WORK REQUIRED = From the first line of the listing below to the line containing "Unreal Greek God", write out everything exactly. No pictures.
START WORKING DATA
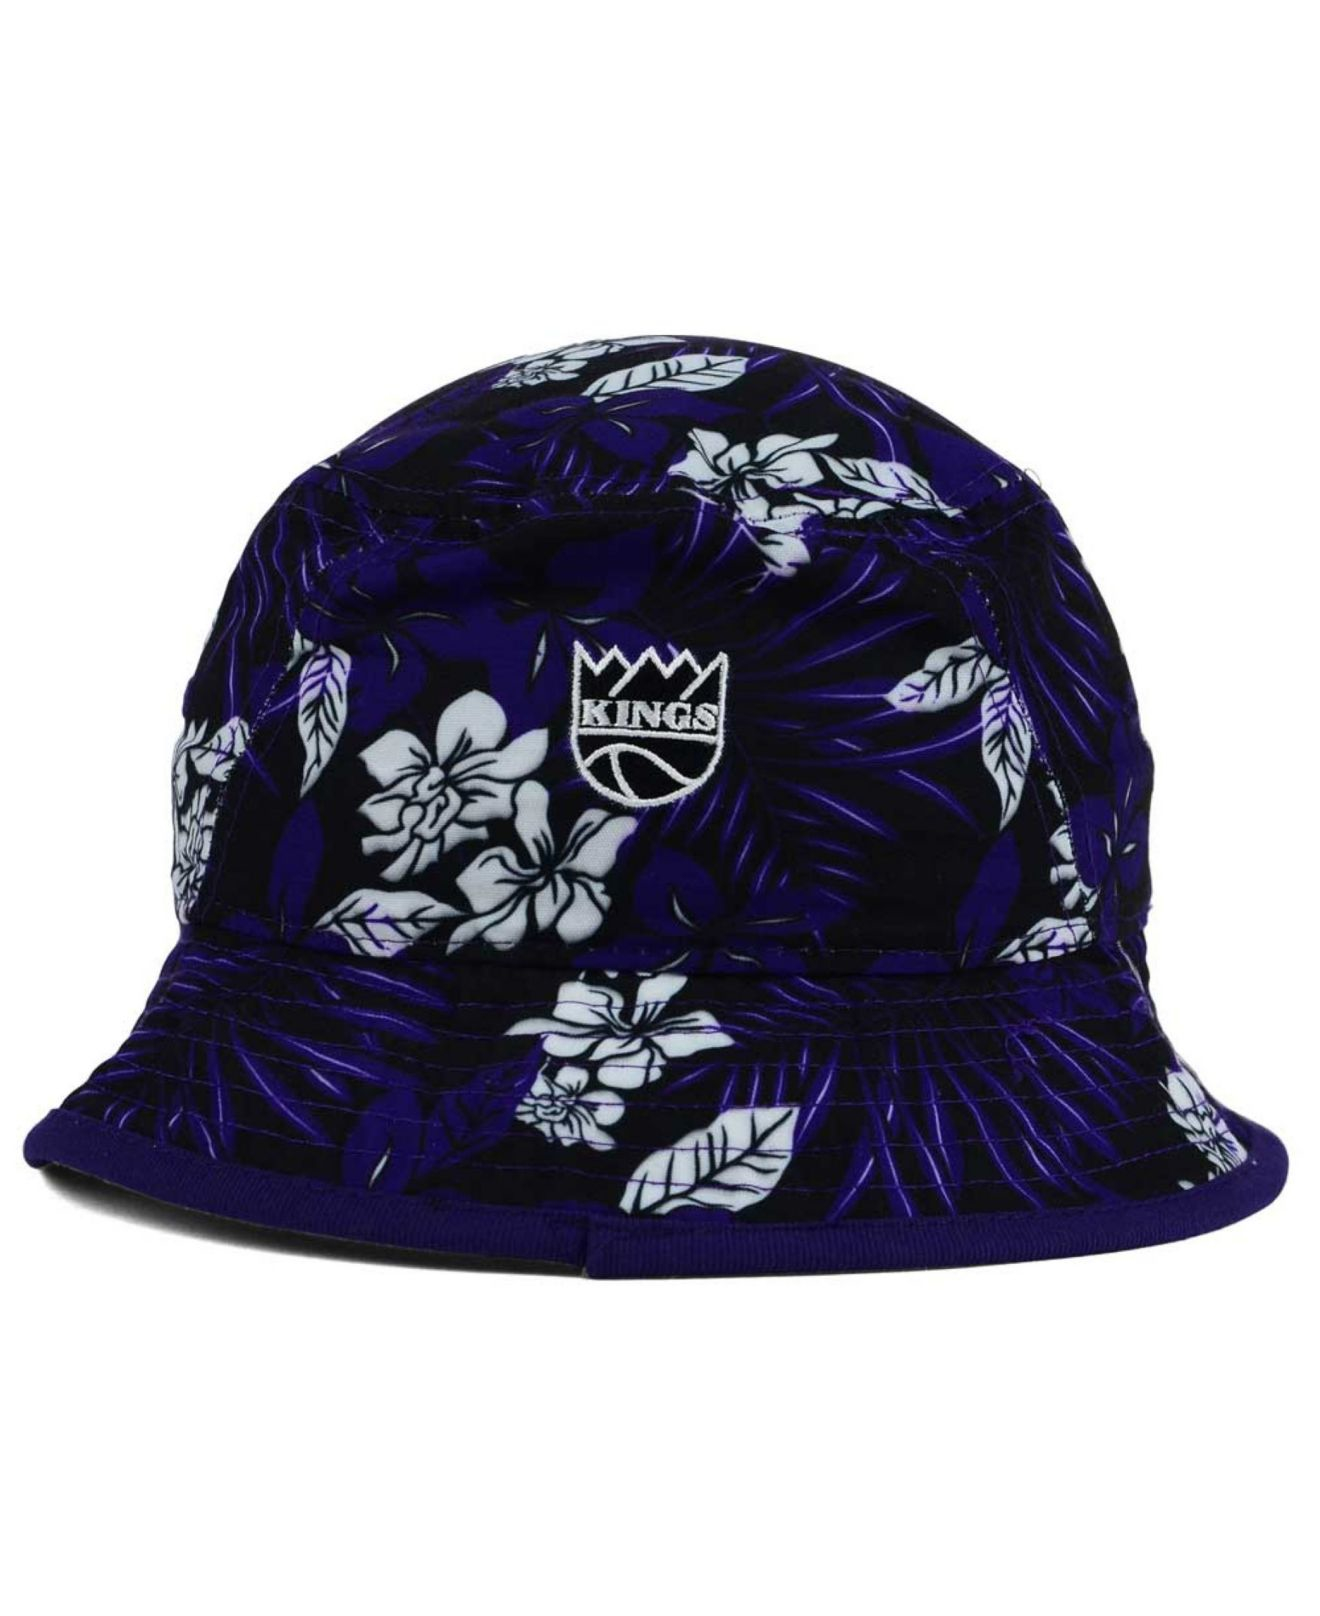 Lyst - Ktz Sacramento Kings Wowie Bucket Hat in Purple for Men
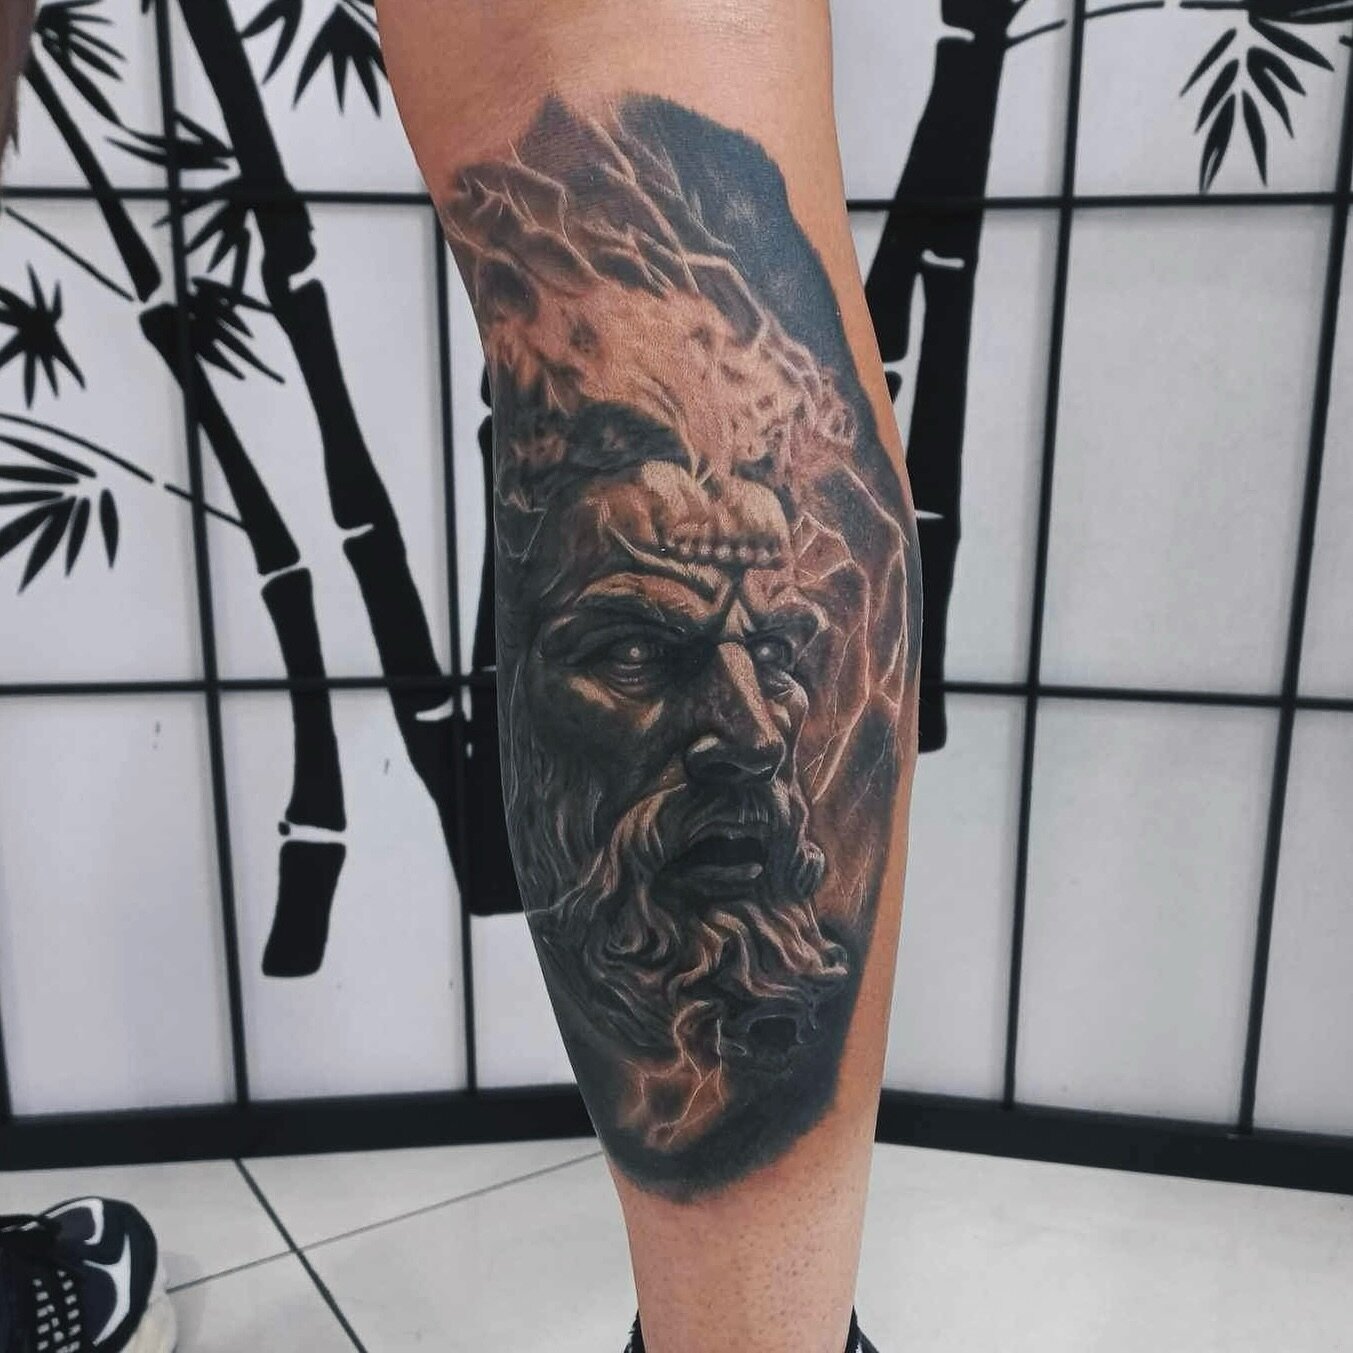 Unreal Greek God realism piece done by Luke ⚡️ | @jellybutton_tattoo 

#squiresink #goldcoast #2024 #surfersparadise #tattoo #tattooparlor #tattoostudio #ink #inked @pirattattoo #pirattattoomachine #tattooartist #inkart #inkdrawing #skills #tattooide
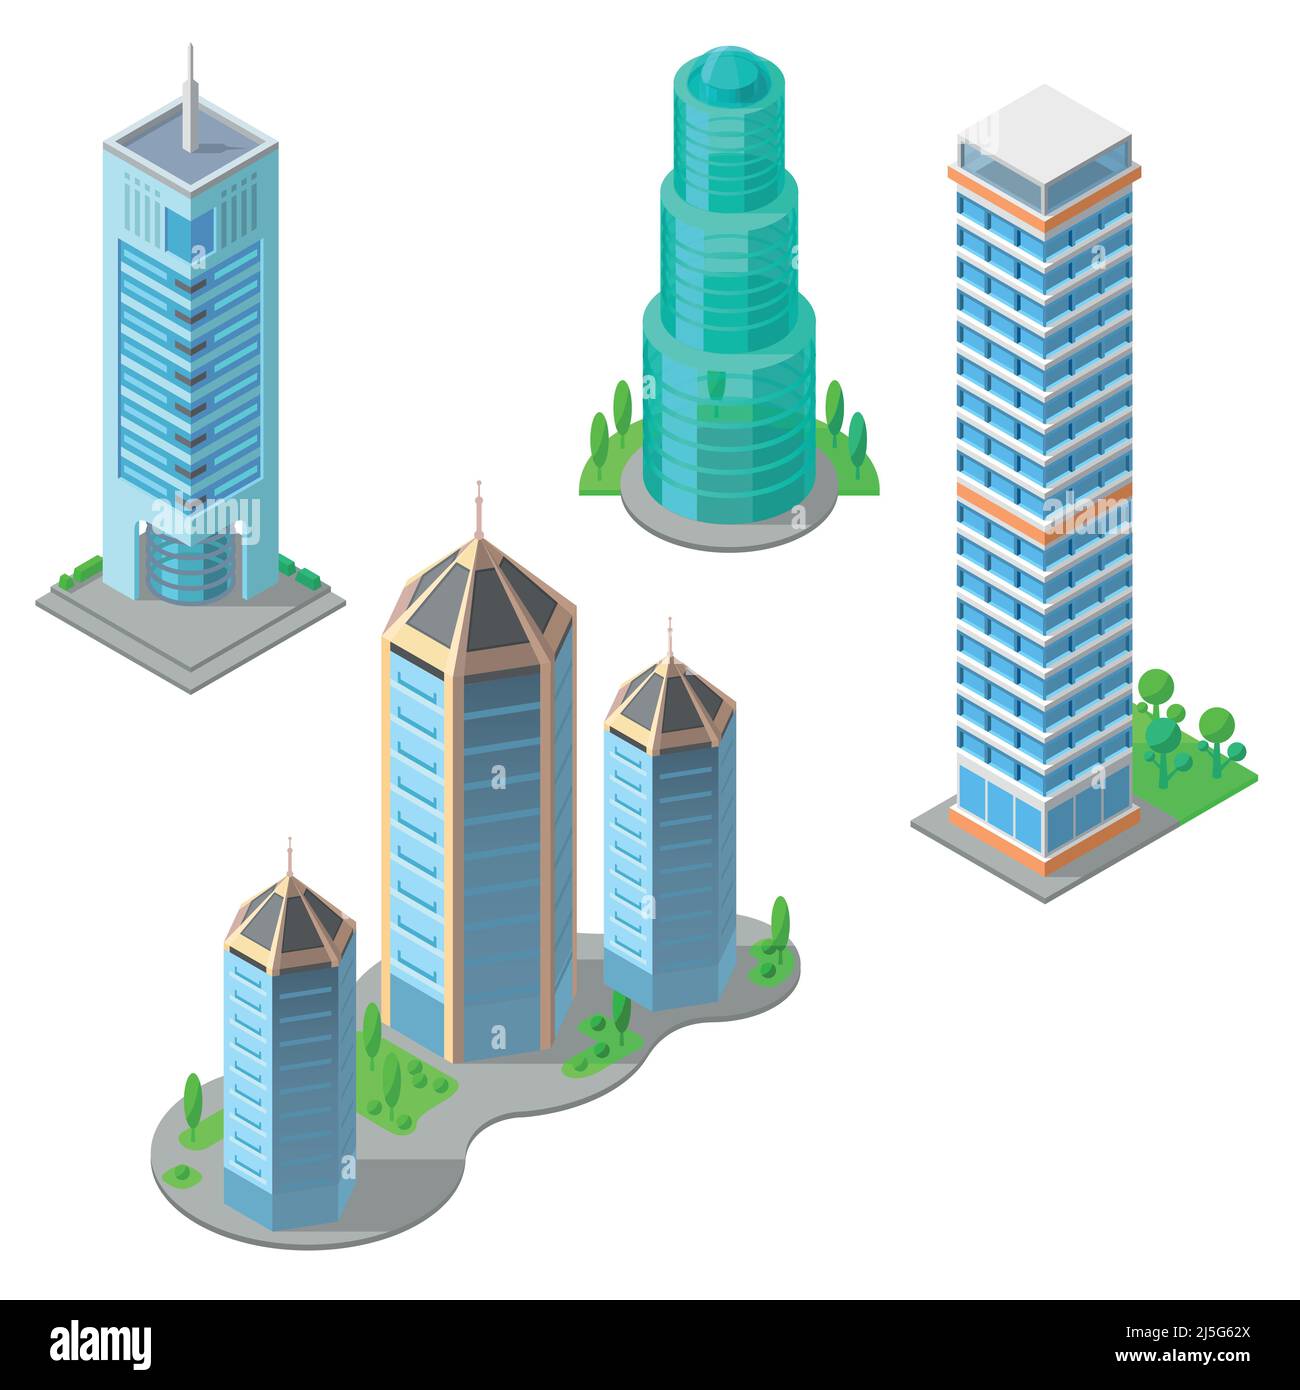 Insieme isometrico vettoriale di edifici moderni, grattacieli urbani, alte torri di affari, costruzioni residenziali a più piani isolate sullo sfondo. Archi Illustrazione Vettoriale
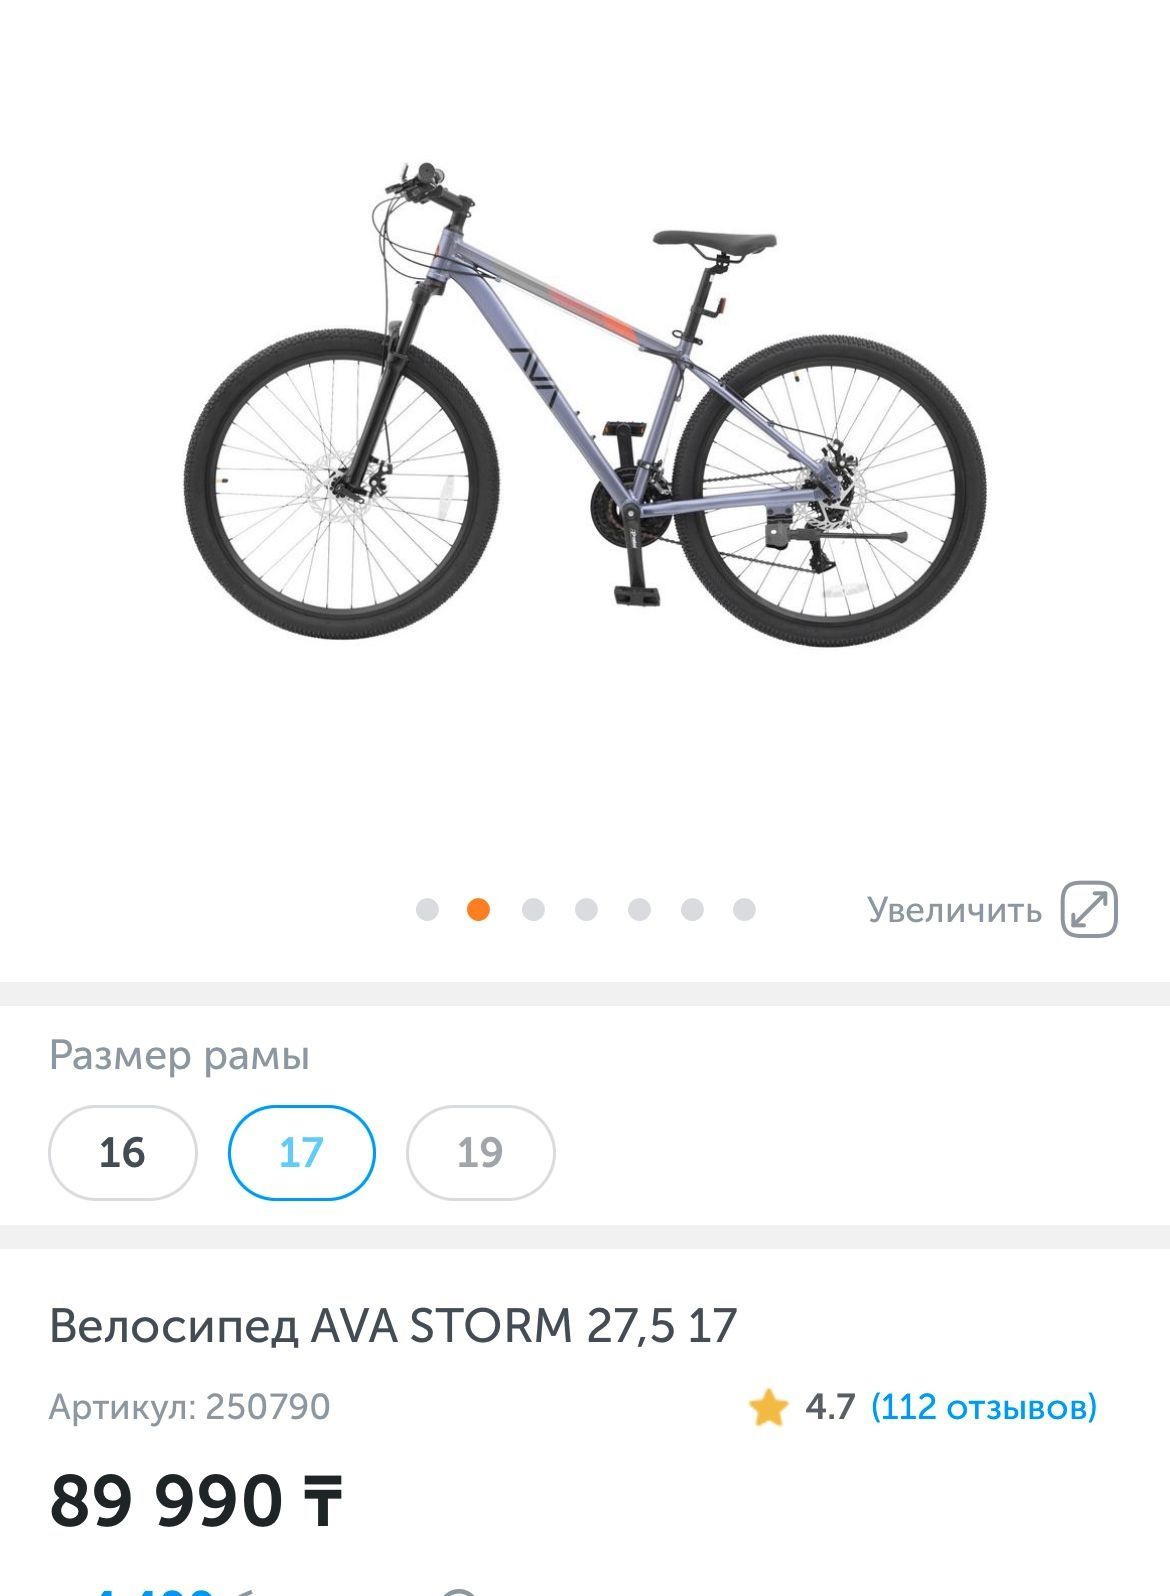 Продам новый велосипед(в упаковке,не собран)Надежный горный велосипед
END WORKING DATA
YOUR RESPONSE =
 Lyst - Ktz Sacramento Kings Wowie Bucket Hat in Purple for Men
 Unreal Greek God realism piece done by Luke ⚡️ | @jellybutton_tattoo 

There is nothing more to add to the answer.